Ирен встала. Неожиданно она показалась мне очень усталой. Я подняла на нее взгляд и замерла, потрясенная ее величественной осанкой.
– Ты столько всего знаешь о мире, – смиренно промолвила я. – Можно спросить, сколько тебе лет?
– Двадцать два, – улыбнулась она, – но только не забывай, что я родилась в Нью-Джерси.
Смысл последней фразы от меня ускользнул.
– А мне двадцать четыре. Получается, я должна быть мудрее.
– К утру непременно будешь, – пообещала Ирен и, нагнувшись, забрала у меня опустевший бокал. – Пошли. У меня здесь есть альков с занавесками, в котором стоит диван. Можешь расположиться там. Советую тебе отдохнуть. Завтра у нас много дел.
– Но мы же обе безработные, – возразила я. Меня вдруг почему-то охватила дремота.
– Это вовсе не означает, что нам позволено сидеть сложа руки, дорогая Нелл. Надо платить по счетам.
– Я со счетами хорошо управлялась, – сонным голосом сообщила я. – Со счетами, весами… Видела бы ты, как я отмеряю кружева и ленты. Я была очень хорошей работницей…
– Ну конечно, кто бы сомневался. Я бы даже сказала, ты была слишком хорошей для этого универмага, только боюсь, ты этого не понимаешь. Ну да ладно. Вот и диван. Дай-ка я помогу тебе раздеться.
* * *
Утром подобно кимвалу бряцающему меня разбудили солнечные лучи, проникавшие сквозь закрытые ставни над моим альковом. Надо мной, словно маятник из рассказа По, нависали листья папоротника. От гостиной меня отделяли задернутые занавески.
– Проснулась наконец? – раздался голос Ирен.
Она резко отдернула шторки и предстала передо мной одетой в роскошный, украшенный рюшами уличный костюм из медного цвета тафты, напоминавший гофрированную обертку, в которую заворачивают французские шоколадные конфеты.
– Давай, Нелл. Я уже попила чаю с молоком. Одевайся живее.
– Зачем?
– Не время для вопросов. Нам надо успеть на омнибус, – с напором произнесла Ирен. Она вся так и дышала жаждой деятельности – жаждой, в которой чувствовалось нечто порочное.
Я выпила горячий чай, опаливший мне горло, после чего оделась. Ирен осмотрела меня придирчивым взглядом:
– Ты нарядилась слишком просто, Пенелопа. Так не пойдет, особенно если принять во внимание, куда именно мы направляемся.

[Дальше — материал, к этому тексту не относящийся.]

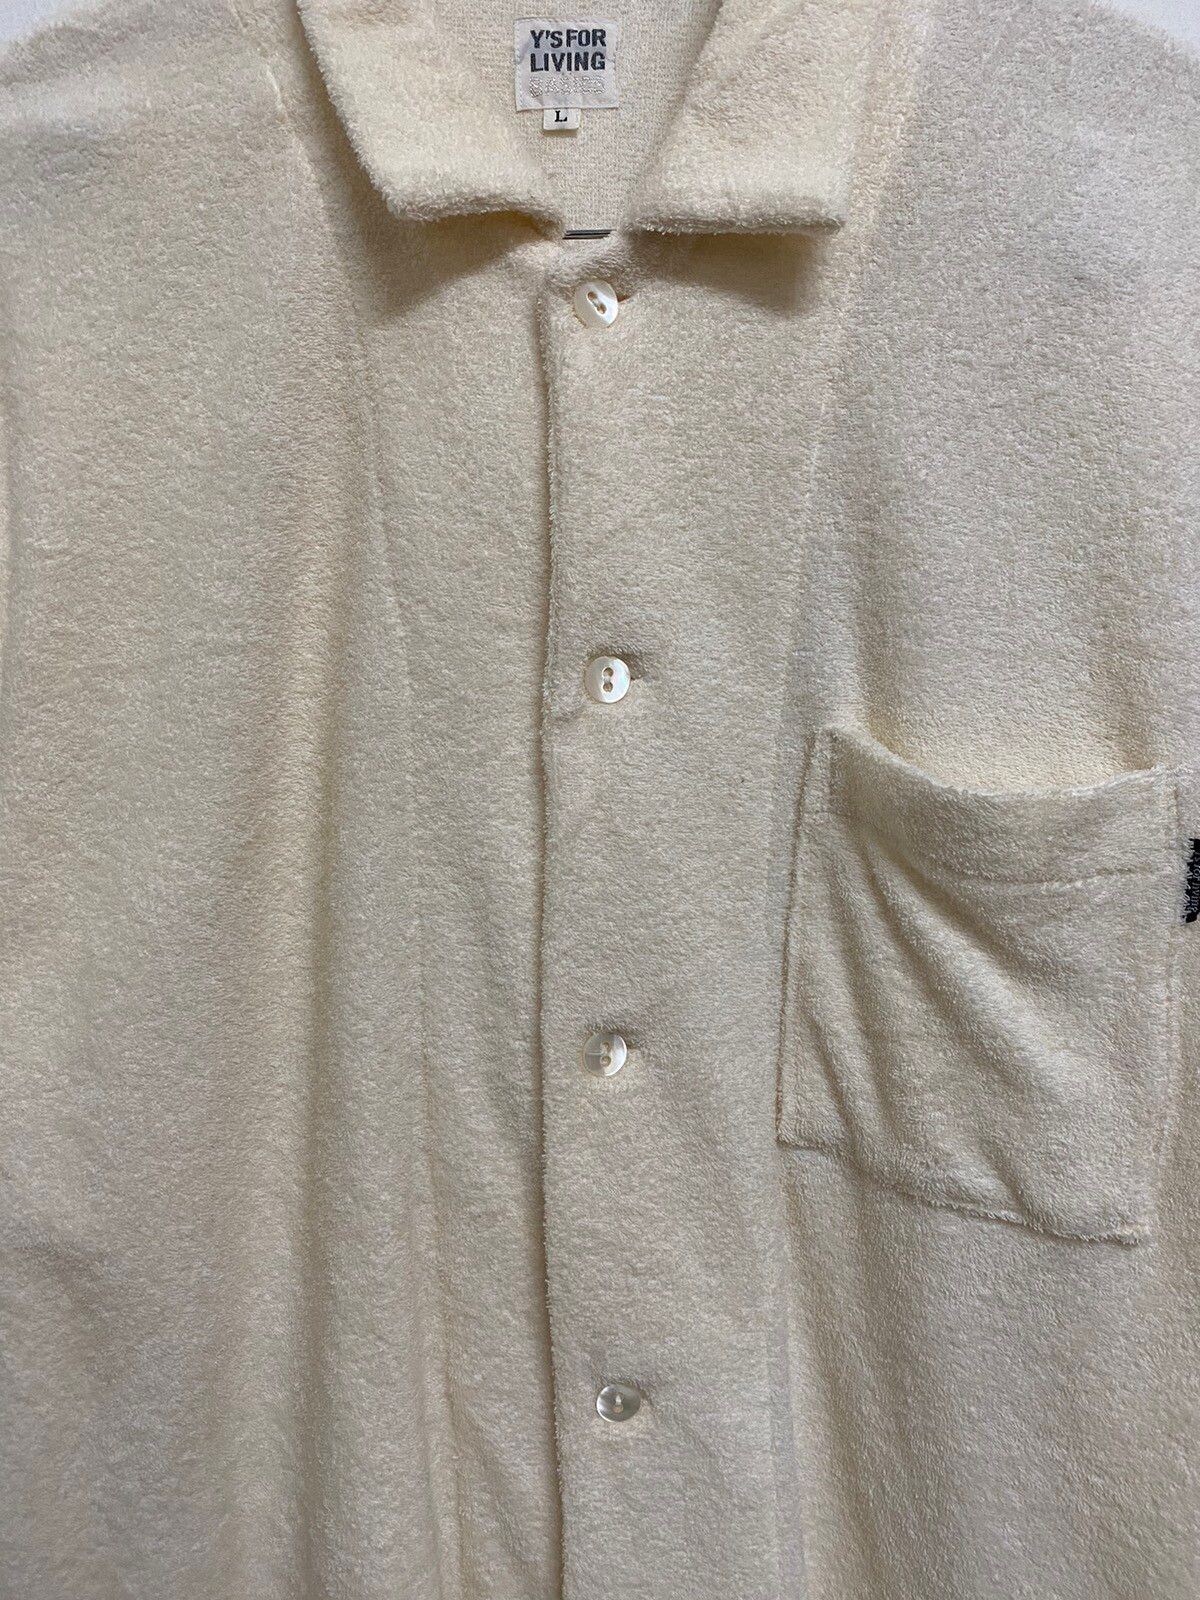 Y's For Living Yohji Yamamoto Button Up Japan Made - 2
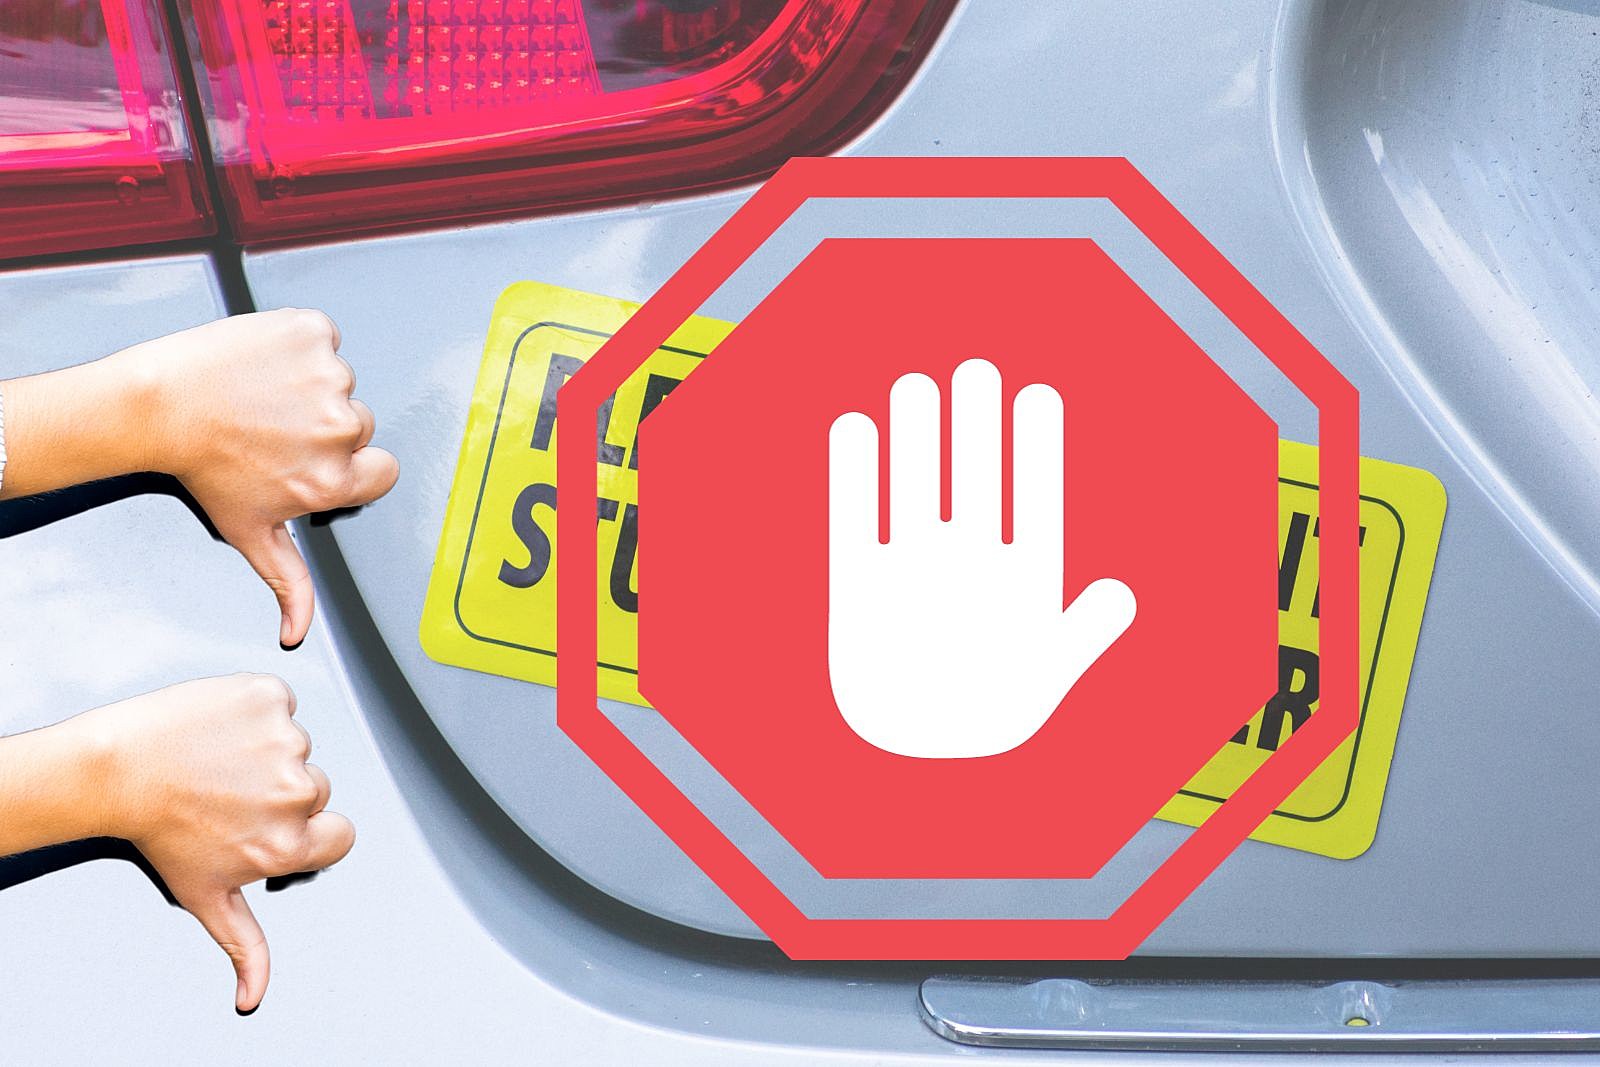 Your bumper stickers could make you a target for criminals

Не успела я и рта раскрыть, как Ирен водрузила мне на голову шляпку. Из-за вуали и обилия лент я практически полностью перестала видеть. Затем моя подруга подхватила черный блестящий ридикюль, который по виду больше подходил для званых вечеров, и, взяв в руки свою шляпку, аккуратно, чтобы не испортить изумительную прическу, надела ее, закрепив длинной, словно кинжал, шляпной булавкой.
Ирен и накануне произвела на меня неизгладимое впечатление, но теперь, как ни трудно в это поверить, она выглядела еще колоритней, напоминая яркий, красочный закат. Я всегда считала, что подобным образом люди наряжаются только на вечерние приемы.
– Но… – начала было я.
– Молчи. – Ирен повелительным жестом прижала к губам палец в перчатке. – Делай как я. Смотри. Слушай. Учись.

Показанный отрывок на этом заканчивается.